RFD: Rework/extending functionality of mdev

Wed Mar 18 12:34:52 UTC 2015

On 18.03.2015 10:42, Didier Kryn wrote:
>> Long lived daemons should have both startup methods, selectable by a
>> parameter, so you make nobodies work more difficult than required.
>
>      OK, I think you are right, because it is a little more than a fork:
> you want to detach from the controlling terminal and start a new
> session. I agree that it is a pain to do it by hand and it is OK if
> there is a command-line switch to avoid all of it.

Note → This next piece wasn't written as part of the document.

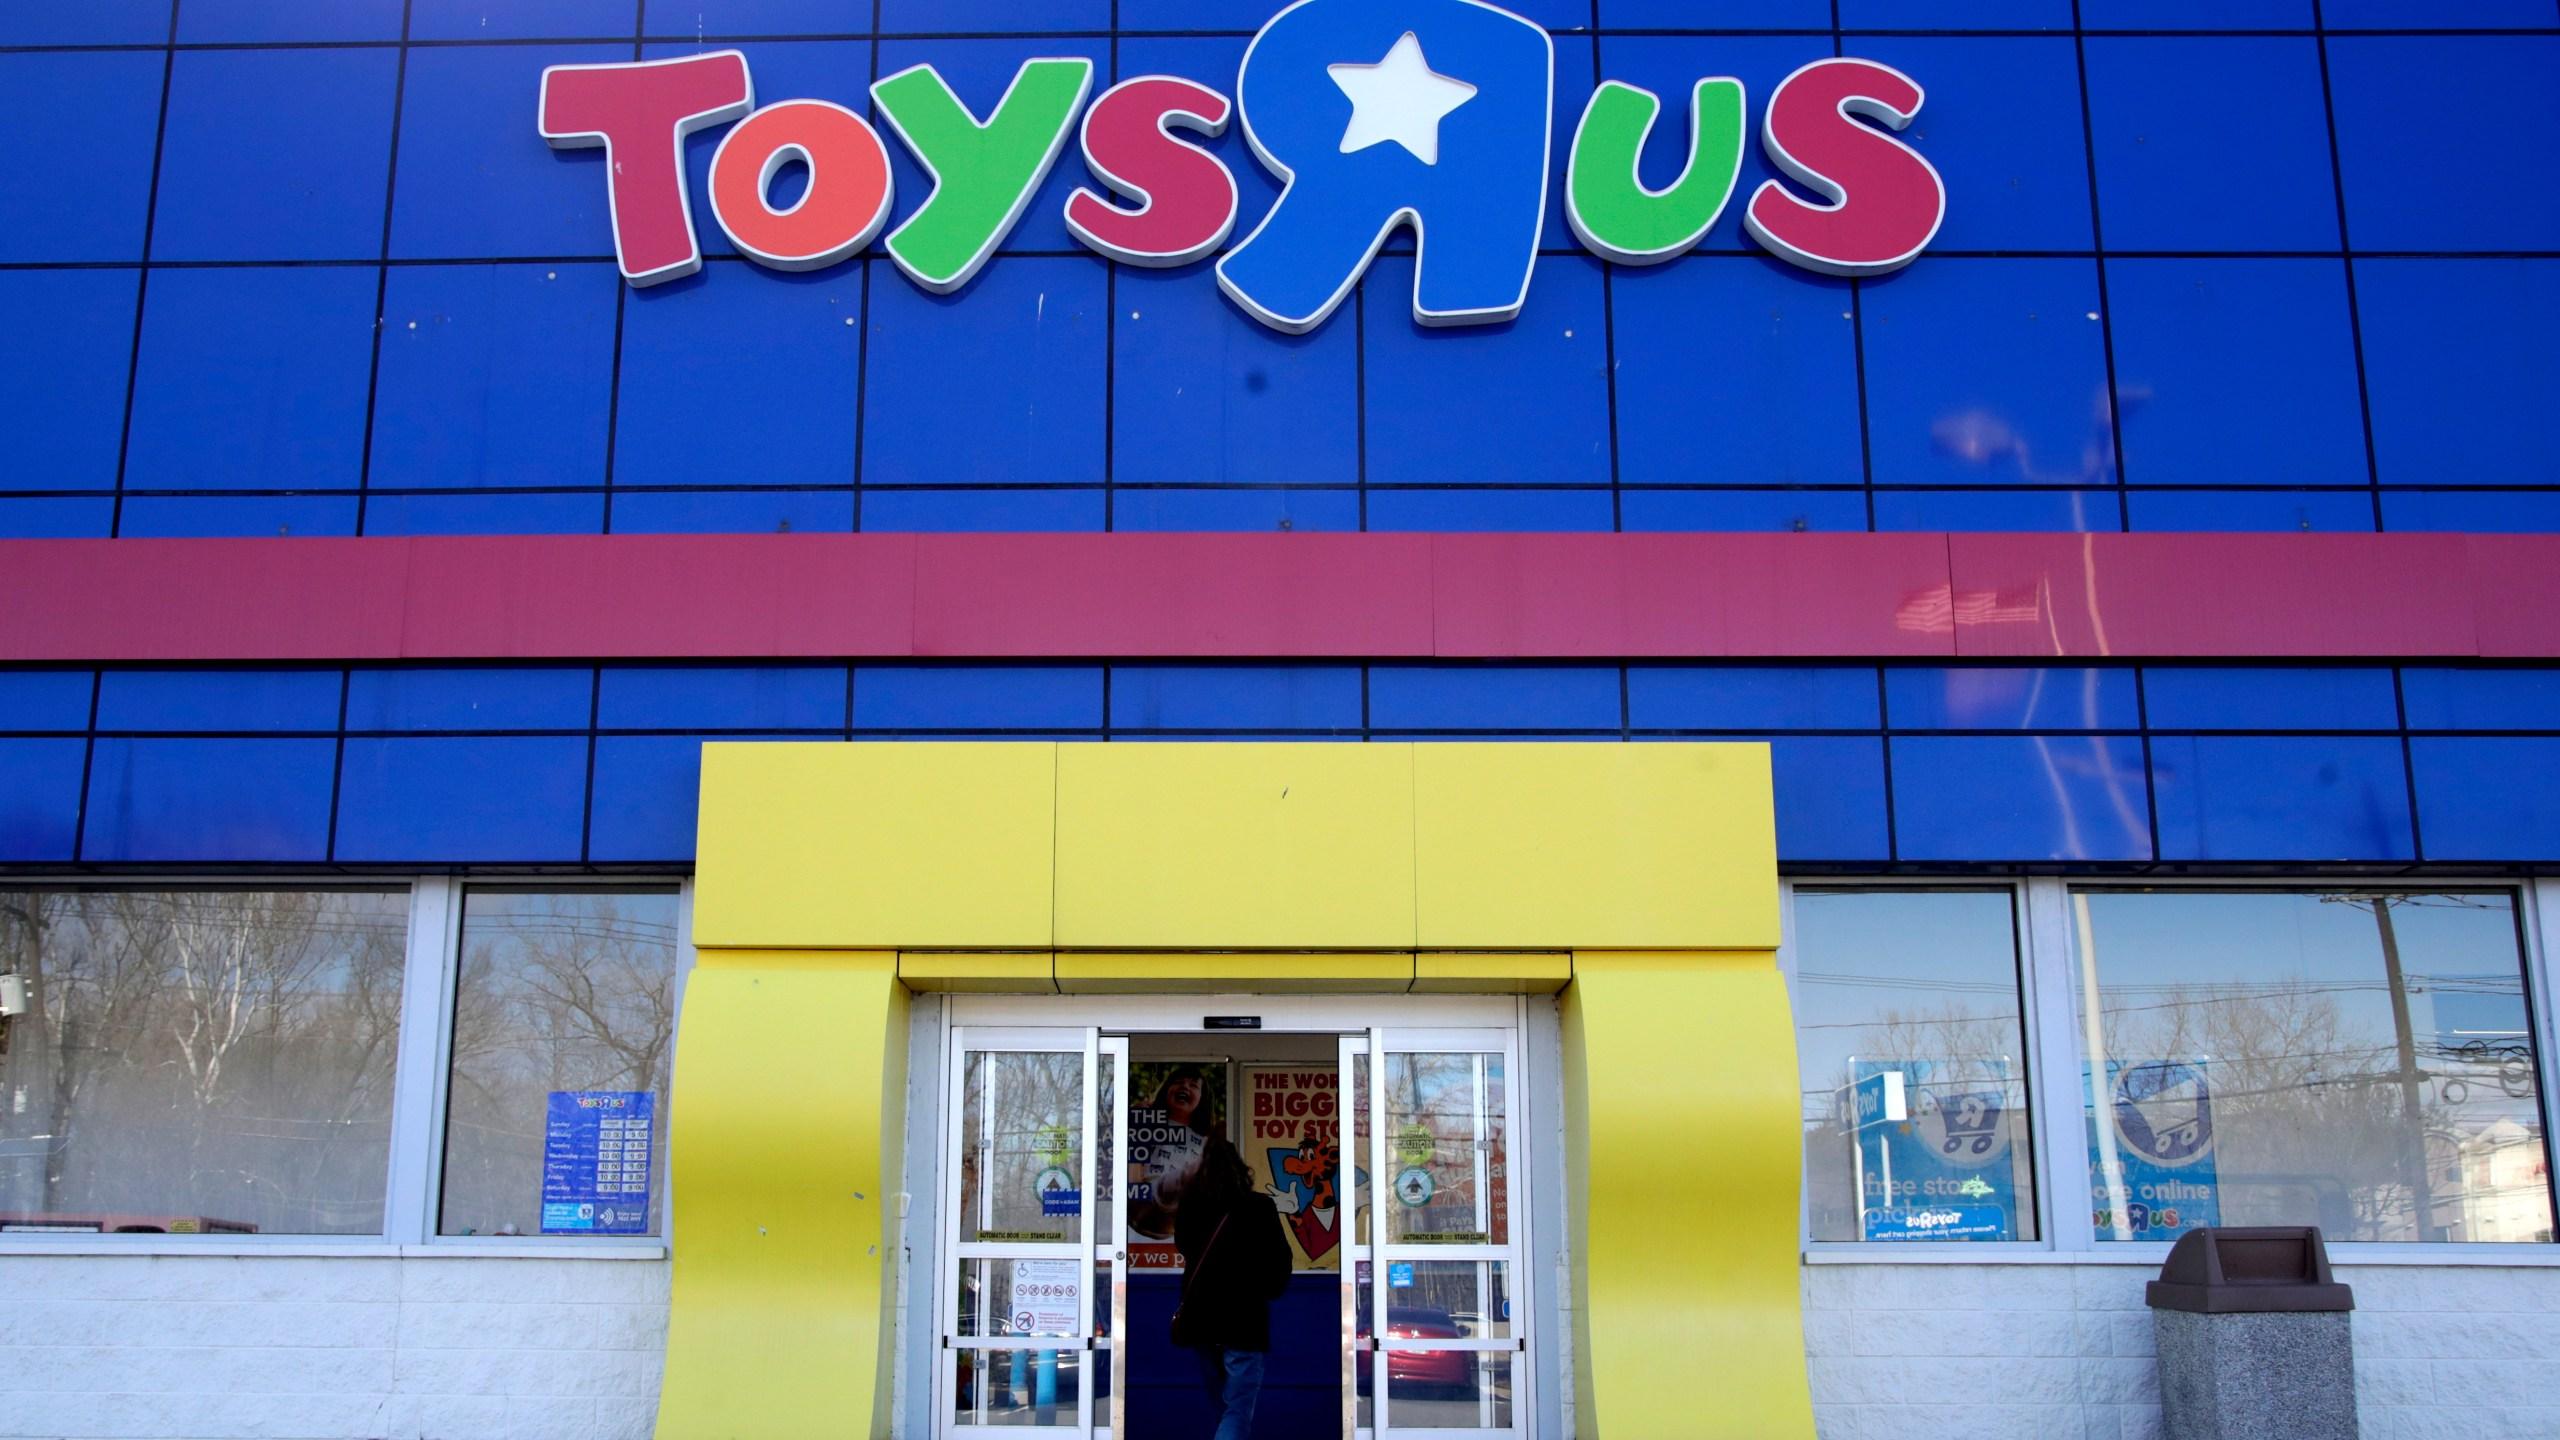 Toys_R_Us_Liquidation_21484-159532.jpg58074530

> But there must be this switch.

Ack!

>> No, restart is not required, as netlink dies, when fifosvd dies (or
>> later on when the handler dies), the supervisor watching netlink may
>> then fire up a new netlink reader (possibly after failure management),
>> where this startup is always done through a central startup command
>> (e.g. xdev).
>>
>> The supervisor, never starts up the netlink reader directly, but
>> watches the process it starts up for xdev. xdev does it's initial
>> action (startup code) then chains (exec) to the netlink reader. This
>> may look ugly and unnecessary complicated at the first glance, but is
>> a known practical trick to drop some memory resources not needed by
>> the long lived daemon, but required by the start up code. For the
>> supervisor instance this looks like a single process, it has started
>> and it may watch until it exits. So from that view it looks, as if
>> netlink has created the pipe and started the fifosvd, but in fact this
>> is done by the startup code (difference between flow of operation and
>> technical placing the code).
>
>      I didn't notice this trick in your description. It is making more
> and more sense :-).

I left it out, to make it not unnecessary complicated, and I wanted to 
focus on the netlink / pipe operation.

>      Now look, since nldev (lest's call it by its name) is execed by
> xdev, it remains the parent of fifosvd, and therefore it shall receive
> the SIGCLD if fifosvd dies. This is the best way for nldev to watch
> fifosvd. Otherwise it should wait until it receives an event from the
> netlink and tries to write it to the pipe, hence loosing the event and
> the possible burst following it. nldev must die on SIGCLD (after piping
> available events, though); this is the only "supervision" logic it must
> implement, but I think it is critical. And it is the same if nldev is
> launched with a long-lived mdev-i without a fifosvd.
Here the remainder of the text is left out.